İçinde sahip olduğu bir şey, kontrol etmesi gereken onun işi. Bu, kozmik bir ilke olan ve üstesinden gelmek için onun görevi olan şekilsiz temel arzudur. Onu aç bırakmaya ve öldürmeye çalışanın, onu besleyen ve doyurucu olduğu kadar rahatsız edici olmadığını görüyor. Düşük, yüksek tarafından üstesinden gelinmelidir; öğrenci düşüncelerini kontrol ederken arzusunu bastırır. Arzunun, onu sağlama düşüncesi olmadan hiçbir şeyin olamayacağını görüyor. Eğer düşünce arzu ise, arzu düşünceye rehberlik edecektir; ama eğer düşünce düşünce veya gerçek ise, arzu onu yansıtmalıdır. Arzu, kendi içinde sakince durduğunda, düşüncenin moda olduğu görülür. İlk başta huzursuz ve çalkantılı, öğrenciler düşüncelerini kullanmaya ve zihninin fakültelerini meyvelerine getirmeye devam ettikçe istekleri bastırır ve bastırırlar. Zihinsel dünyada kendini düşünmeye devam ediyor; Böylece düşüncelerini arzusuyla kontrol ediyor.
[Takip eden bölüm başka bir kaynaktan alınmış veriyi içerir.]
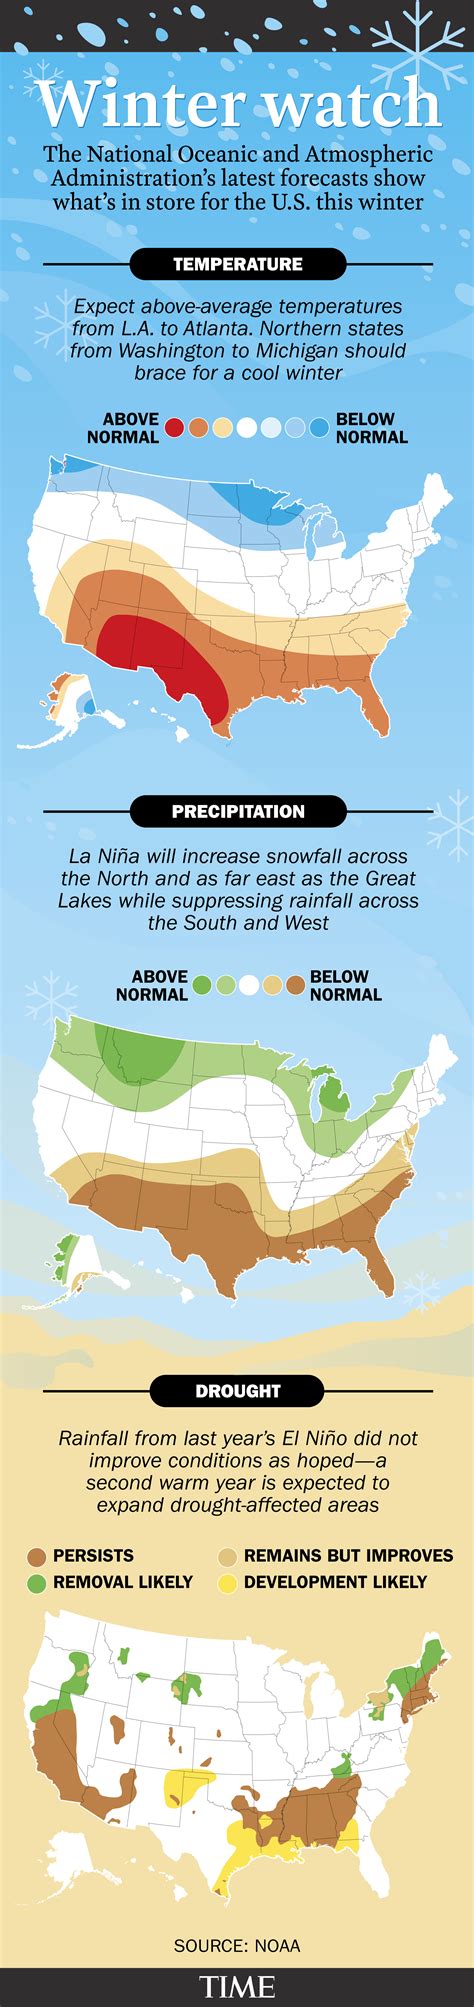 Winter Weather Forecast What To Expect For Winter 2016 2017 Time

Dünyada, erkekler arasında ve erkekler arasındaki görevlerini yerine getirdiği takdirde, belirgin veya belirsiz bir pozisyonu doldurabilir, ancak hayatında hiçbir israfa izin vermez. Tavsiye edilmediği sürece, hitabet veya uzun tez ile şımartılmaz. Konuşma, diğer yaşam ve düşünce alışkanlıkları gibi kontrol edilir, ancak alışkanlıkları kontrol ederken, pozisyonunun izin verdiği kadar göze çarpmaması gerekir. Dünyayı terk etmekte tereddüt etmeden ve pişmanlık duymadan yaşayabildiği zaman, zamanın sonsuzlukta olduğunu ve sonsuzluğun zamanla olduğunu, zaman içinde ise sonsuzluk içinde yaşayabileceğini ve yaşamın dönüşünü yaşayabildiğini takdir ettiğinde Geçmedi, dış eylem döneminin sona erdiğini ve iç eylem döneminin başladığını biliyor.

İşi bitti. Sahne değişiyor. Yaşam draması eylemindeki rolü bitti. Perdenin arkasında emekli oldu. Emekliliğe geçer ve adeptik öğrencinin ustalaşarak geçtiği şeye benzer bir süreçten geçer. Sıradan insanların fiziksel ile harmanlandığı bedenler veya ırklar dünyadaki hazırlığı sırasında belirginleşmiştir. Fiziksel meslektaşları güçlü ve sağlıklı. Gergin organizasyonu, vücudunun sondaj tahtasında iyi gerilmiş ve onun üzerinden geçen düşüncelerin en hafif ve en güçlü oyununa yanıt veriyor. Düşüncenin uyumu, bedeninin sinirlerini oynar ve şimdiye dek açılmamış kanallar aracılığıyla vücudun özlerini uyarır ve yönlendirir. Seminal prensibin dolaşımları bu kanallara dönüştürülür; vücuda yeni bir hayat verilir. Yaşlı görünen bir vücut, erkekliğin tazeliğine ve canlılığına geri getirilebilir. Hayati özler artık dış fiziksel dünyada hareket etme arzusuyla çizilmiyor, yüksek düşünce dünyasına giriş hazırlığında düşünce tarafından yönlendiriliyor.